On 2015/05/23 01:06:49, jbudorick wrote:
>   last_devices = dict(
>       (k, 0 if k in adb_online_devices else last_devices[k] + 1)
>       for k, v in last_devices.iteritems())
> 
> ?

Yeah that was a bit clumsy.  Went with a more verbose version of this
suggestion.

https://codereview.chromium.org/1148873007/diff/1/build/android/buildbot/bb_d...
build/android/buildbot/bb_device_status_check.py:151: missing_devices = { k: v
for k, v in last_devices.iteeritems() if v != 0 }
On 2015/05/23 01:06:48, jbudorick wrote:
> - iteeritems -> iteritems
> - if not v
> - nit: no spaces at the ends of comprehensions

Done, except for "not v" -- mixing up numberness and truthiness here is too
conceptually punny for me

https://codereview.chromium.org/1148873007/diff/1/build/android/buildbot/bb_d...
build/android/buildbot/bb_device_status_check.py:180: quite_missing = [ k for k,
v in last_devices.iteritems() if v == 3 ]
On 2015/05/23 01:06:49, jbudorick wrote:
> if v > 2
> 
> ?

Done.

https://codereview.chromium.org/1148873007/diff/1/build/android/pylib/device/...
File build/android/pylib/device/device_list.py (right):

https://codereview.chromium.org/1148873007/diff/1/build/android/pylib/device/...
build/android/pylib/device/device_list.py:13: def
GetOfflineDeviceMap(file_name):
On 2015/05/23 01:06:49, jbudorick wrote:
> This is poorly named; it sounds like the map contains offline devices when the
> map can contain online or offline devices.

Done.

https://codereview.chromium.org/1148873007/diff/1/build/android/pylib/perf/se...
File build/android/pylib/perf/setup.py (left):

https://codereview.chromium.org/1148873007/diff/1/build/android/pylib/perf/se...
build/android/pylib/perf/setup.py:28: devices =
android_commands.GetAttachedDevices()
On 2015/05/23 01:06:49, jbudorick wrote:
> How is this still around...

Looks like I forgot to sync before starting work on this :-(

https://codereview.chromium.org/1148873007/diff/1/build/android/pylib/perf/se...
File build/android/pylib/perf/setup.py (right):

https://codereview.chromium.org/1148873007/diff/1/build/android/pylib/perf/se...
build/android/pylib/perf/setup.py:50: This is a way to make sure that affinity
-> device mapping is relatively
On 2015/05/23 01:06:49, jbudorick wrote:
> nit: line break after the first line of the docstring
> 
> also, this should include Args: and Returns:

Done.

https://codereview.chromium.org/1148873007/diff/1/build/android/pylib/perf/se...
build/android/pylib/perf/setup.py:51: stable while still maximizing the use of
resources."""
On 2015/05/23 01:06:49, jbudorick wrote:
> I'm not sure this is stable if you lose one of the lexicographically early
> devices.
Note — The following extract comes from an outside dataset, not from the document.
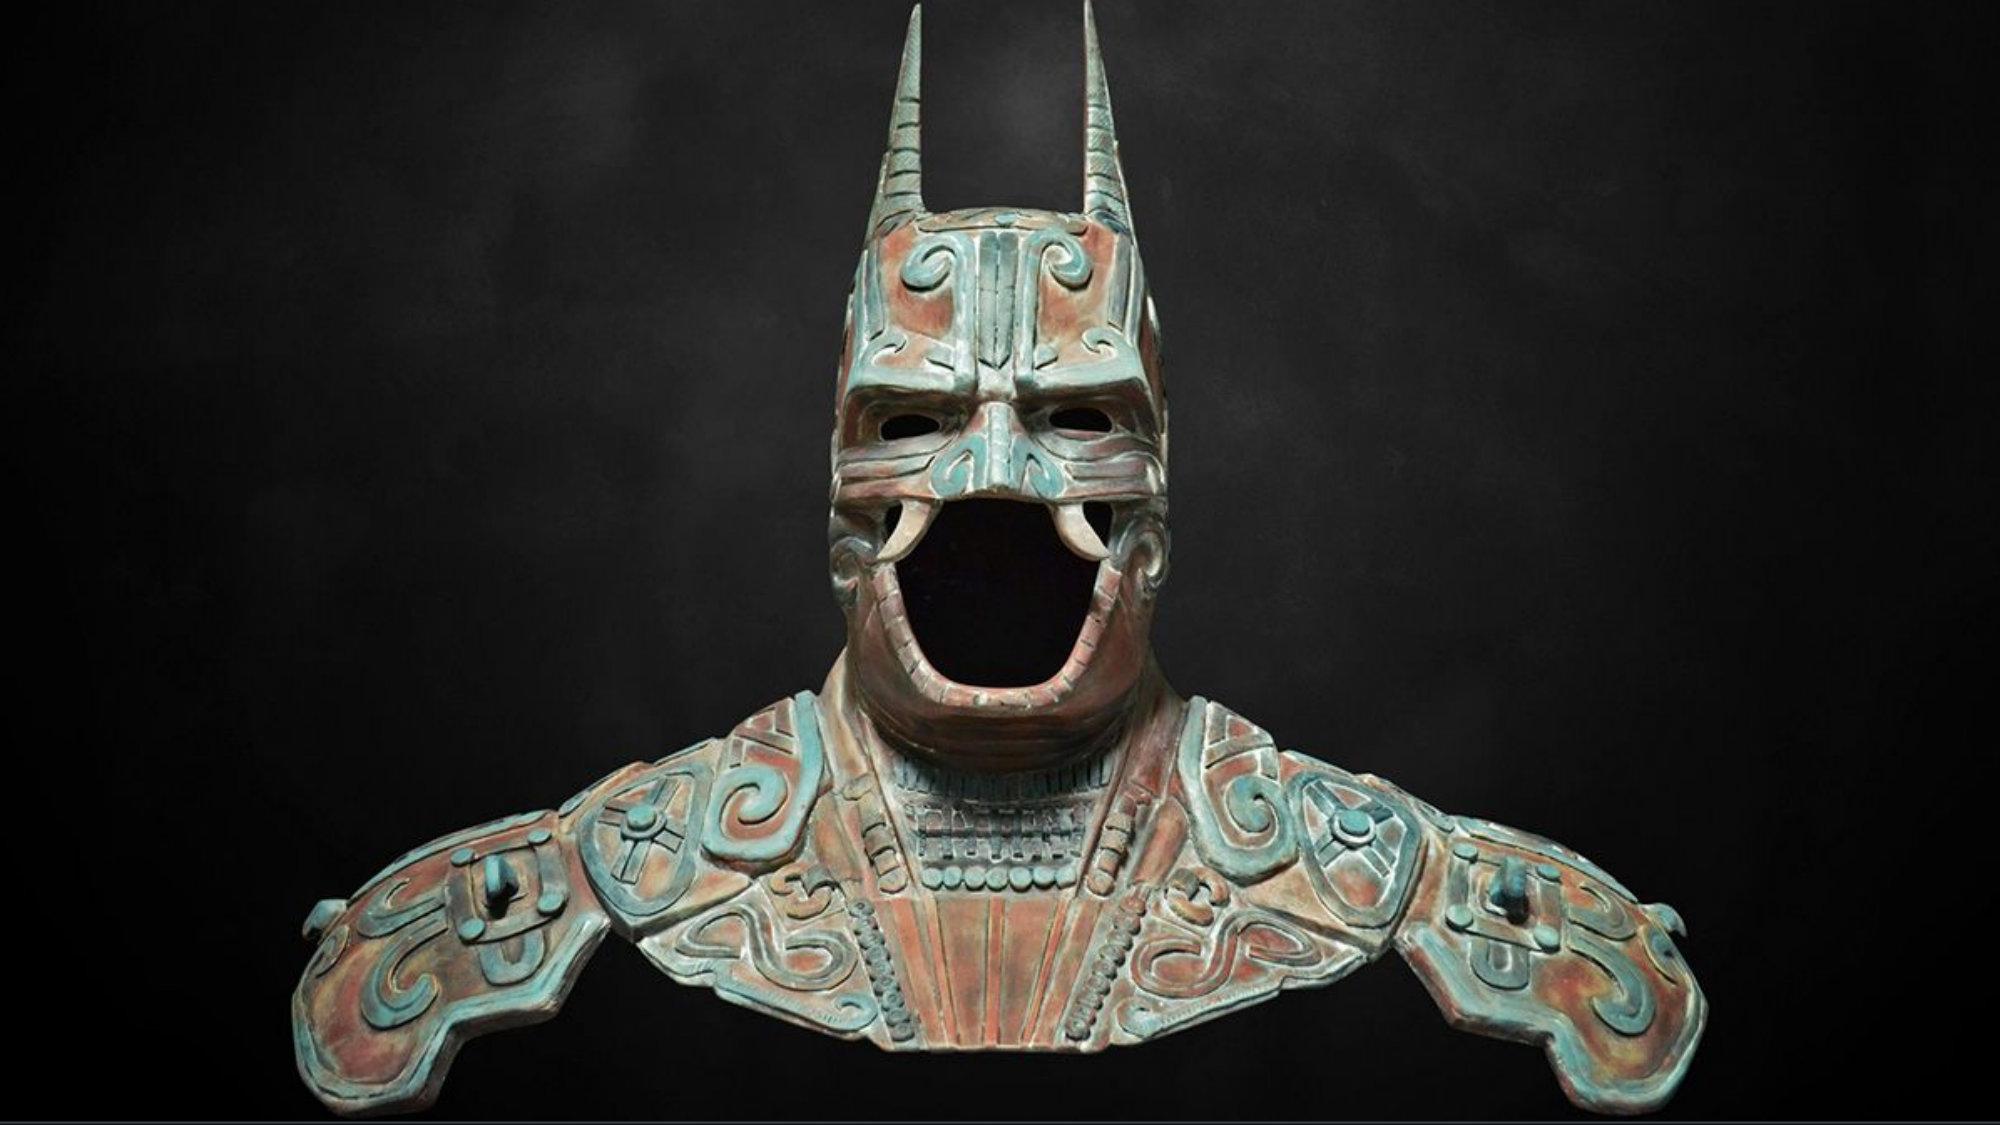 Batman maya Mumedi Batman a través de la creatividad mexicana

That's why the persistent device list exists.
> 
> Also, this docstring should better explain what's going on.

IIUC the persistent device list basically messes up everything if a new device
is added.

You gave me an excuse to do some math, so I added a bunch of docs explaining the
scheme and analyzing its stability.

https://codereview.chromium.org/1148873007/diff/1/build/android/pylib/perf/se...
build/android/pylib/perf/setup.py:100: all_devices =
android_commands.GetAttachedDevices()
On 2015/05/23 01:06:49, jbudorick wrote:
> device_utils.DeviceUtils.HealthyDevices()
> 
> if you want serials,
> 
>   [d.adb.GetDeviceSerial()
>    for d in device_utils.DeviceUtils.HealthyDevices()]
> 
> android_commands is deprecated.
> 
> also, you will absolutely want to sort this.

Done.

https://codereview.chromium.org/1148873007/diff/1/build/android/pylib/perf/te...
File build/android/pylib/perf/test_runner.py (right):

https://codereview.chromium.org/1148873007/diff/1/build/android/pylib/perf/te...
build/android/pylib/perf/test_runner.py:68: NUM_DEVICE_AFFINITIES = 8
On 2015/05/23 01:06:49, jbudorick wrote:
> What if the number of devices is higher than 8? I think the speed team has
> designs on something like that...

As far as I could tell there are no specs of device_affinity greater than 8. 
Maybe you could help me look harder (not sure where else to look)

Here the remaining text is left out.